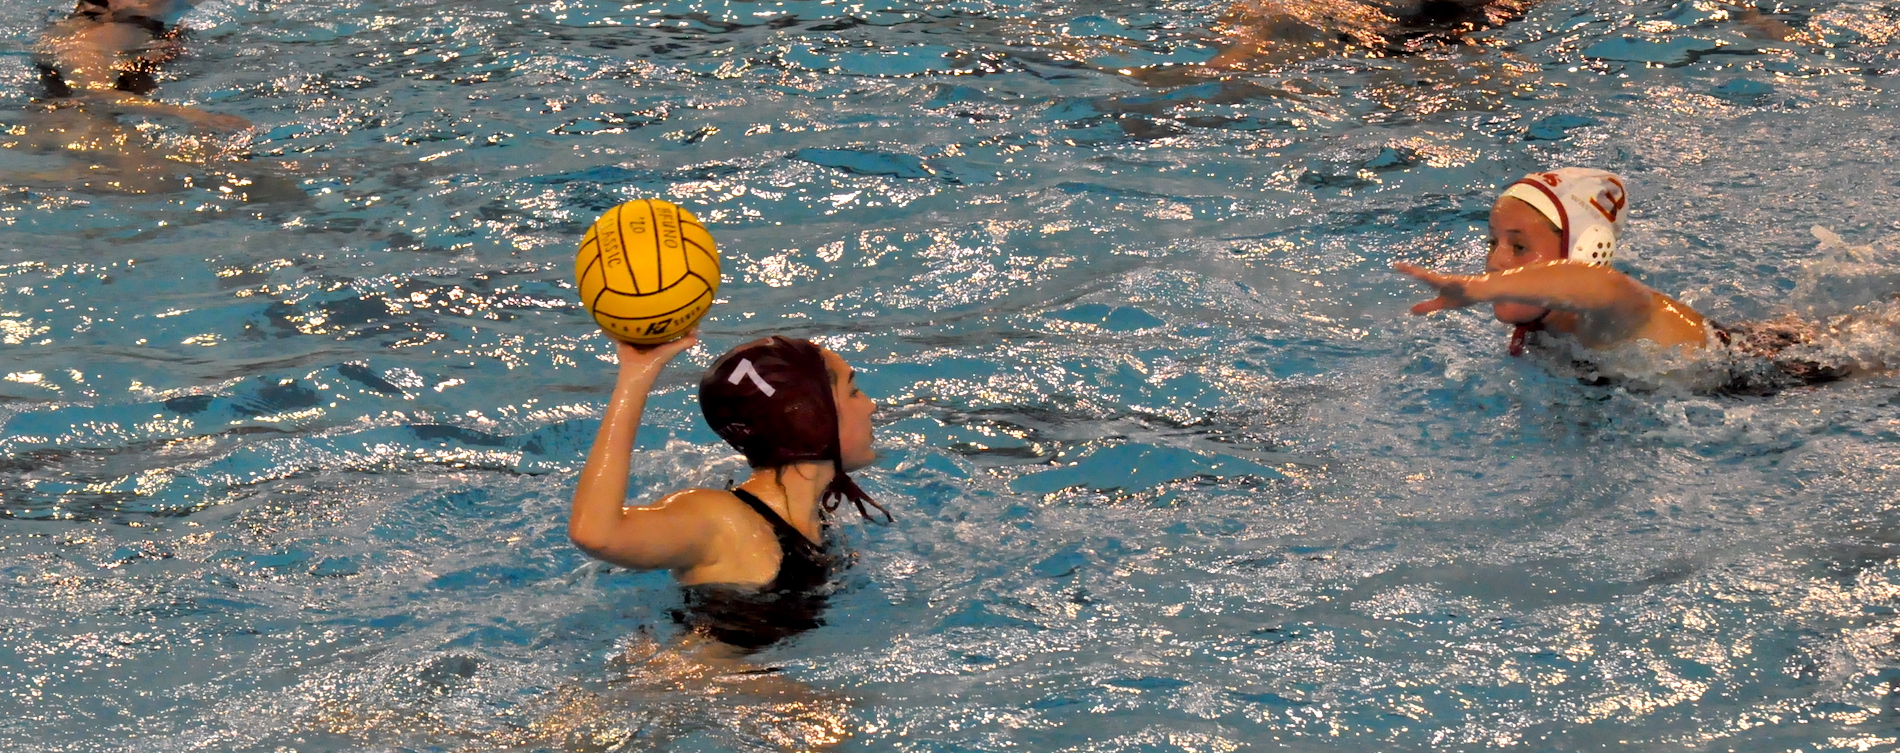 Austin College Edged by Siena and Bucknell
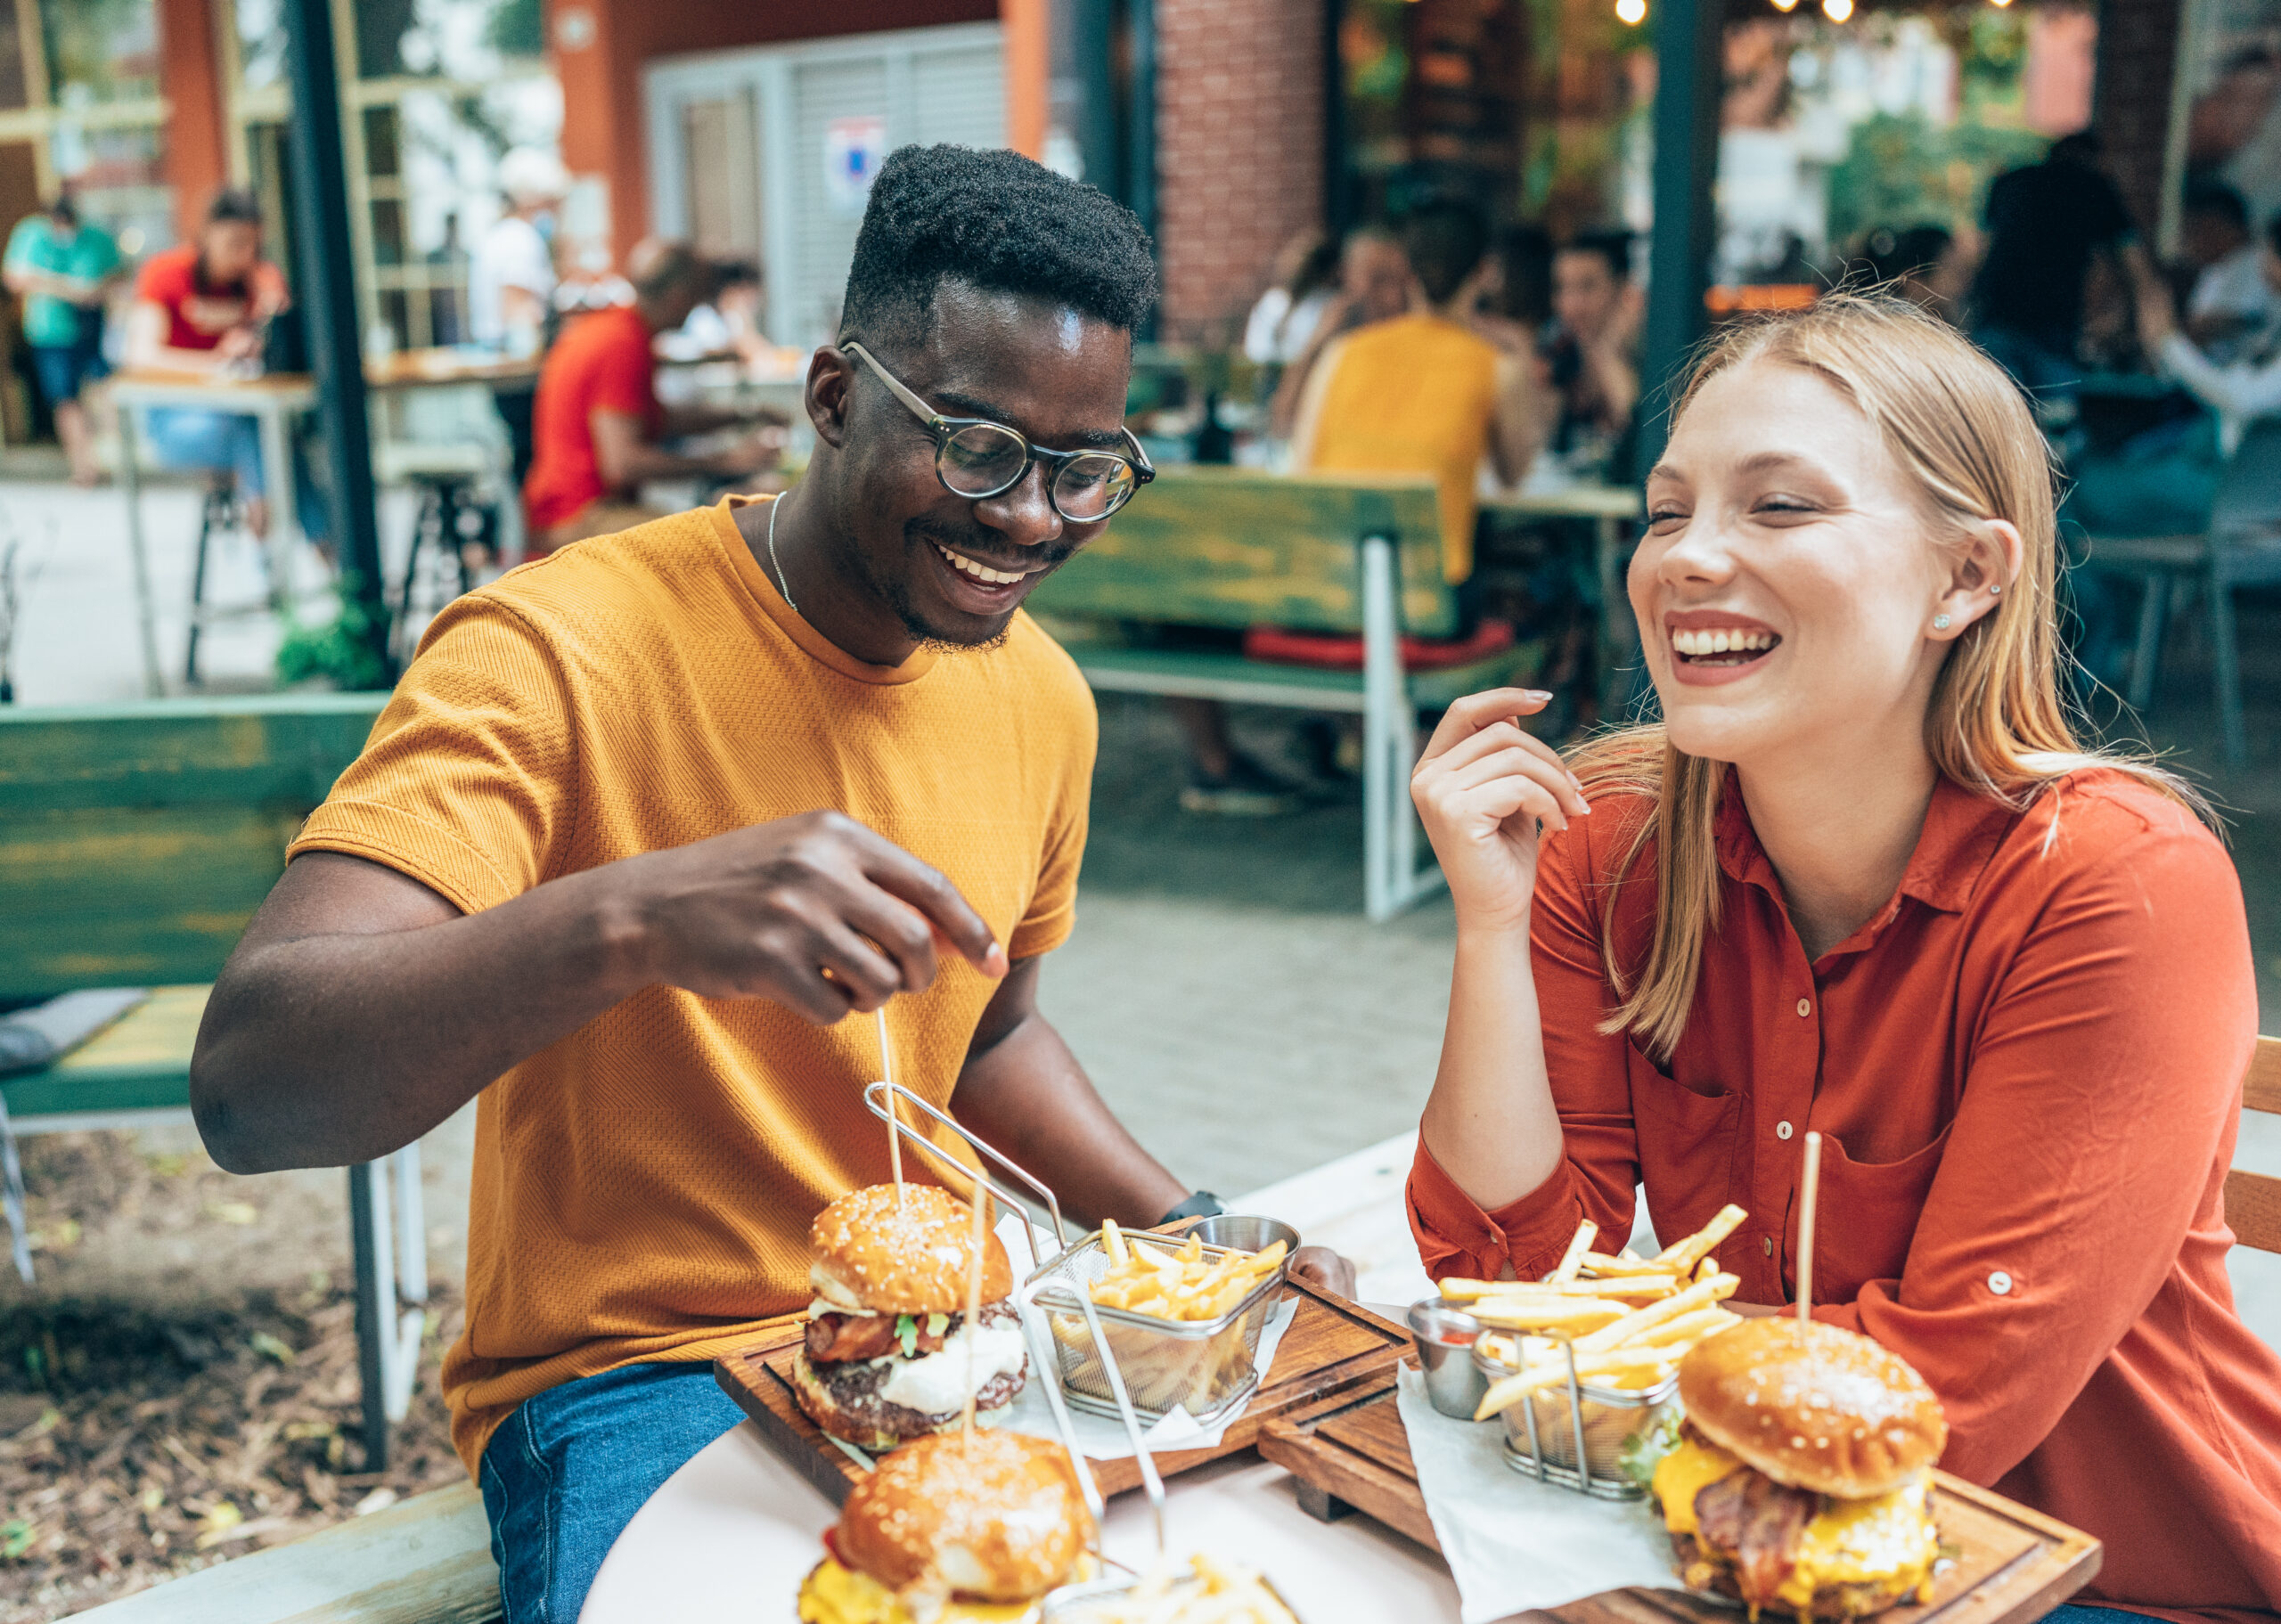 A young man and woman enjoying a meal of burgers and fries at an outdoor café, representing common dietary choices that may impact cholesterol levels.
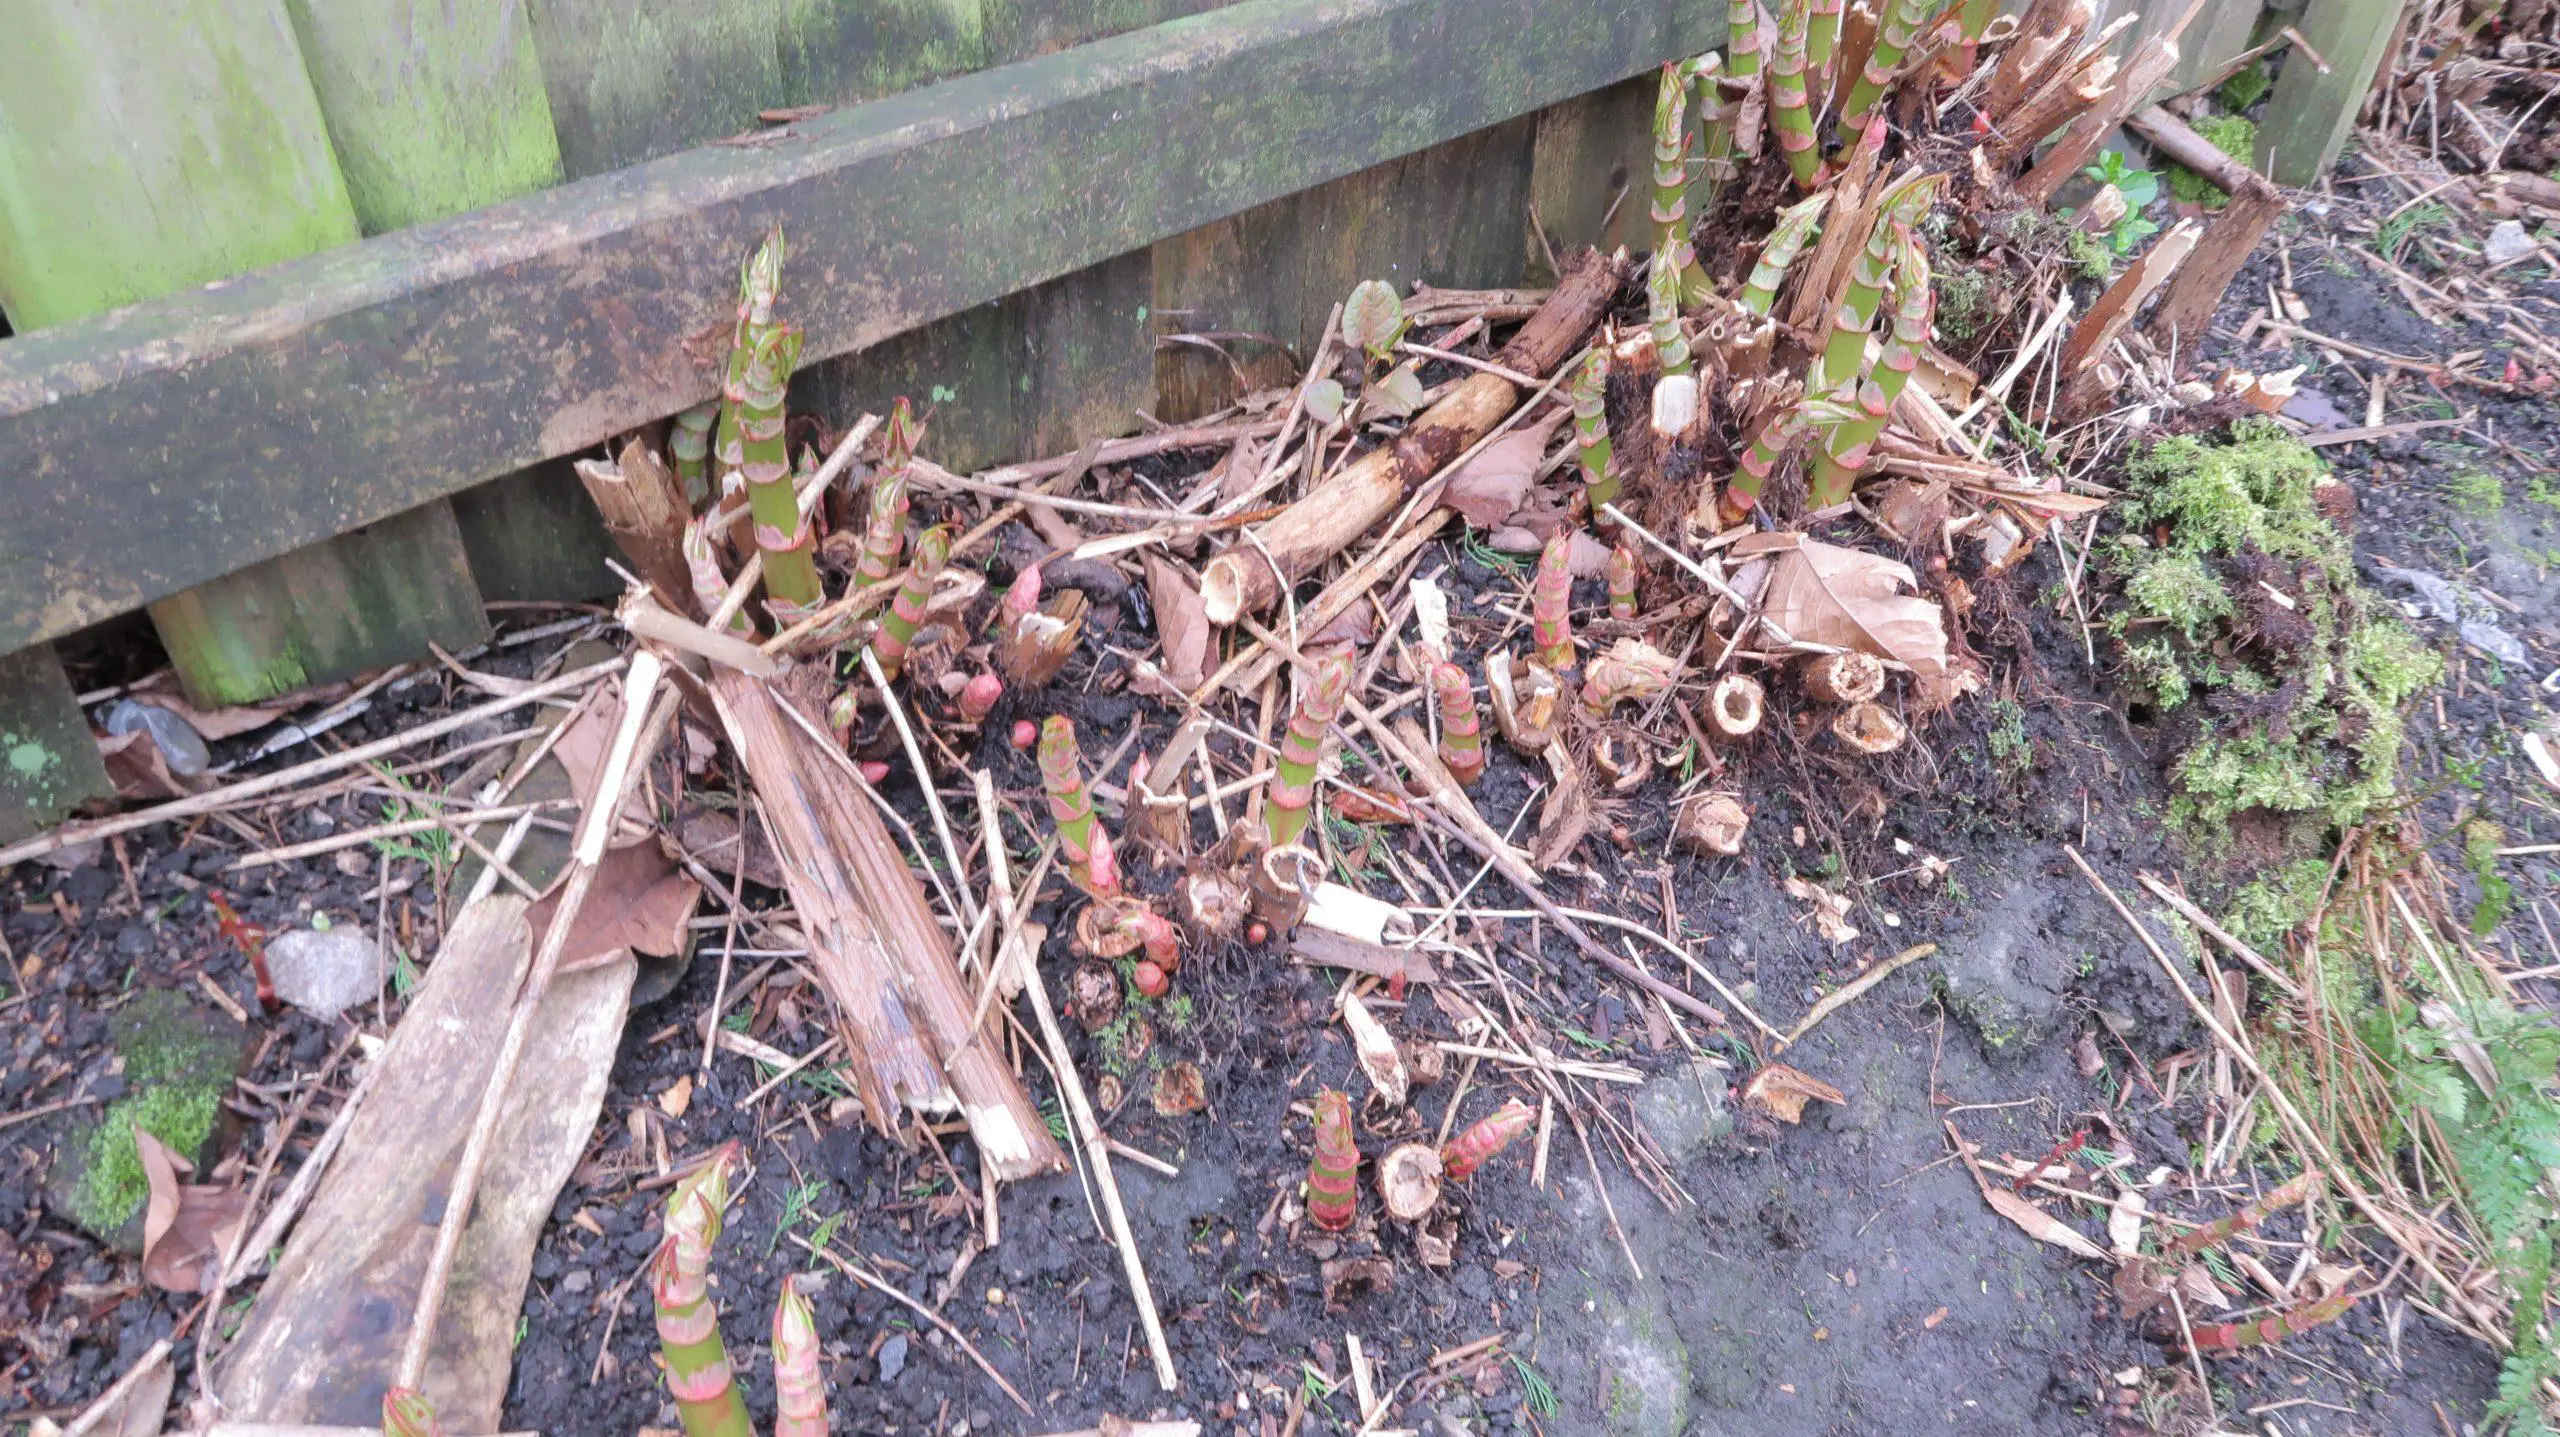 Identifying Japanese knotweed crowns includes new growth of shoots combined with the old debris from dead stems
********************
▶ [Task goal]:
In your answer, give every line of the listing above exactly, and do not include the images.

▶ [Problem solution]:
 Austin College Edged by Siena and Bucknell
 A young man and woman enjoying a meal of burgers and fries at an outdoor café, representing common dietary choices that may impact cholesterol levels.
 Identifying Japanese knotweed crowns includes new growth of shoots combined with the old debris from dead stems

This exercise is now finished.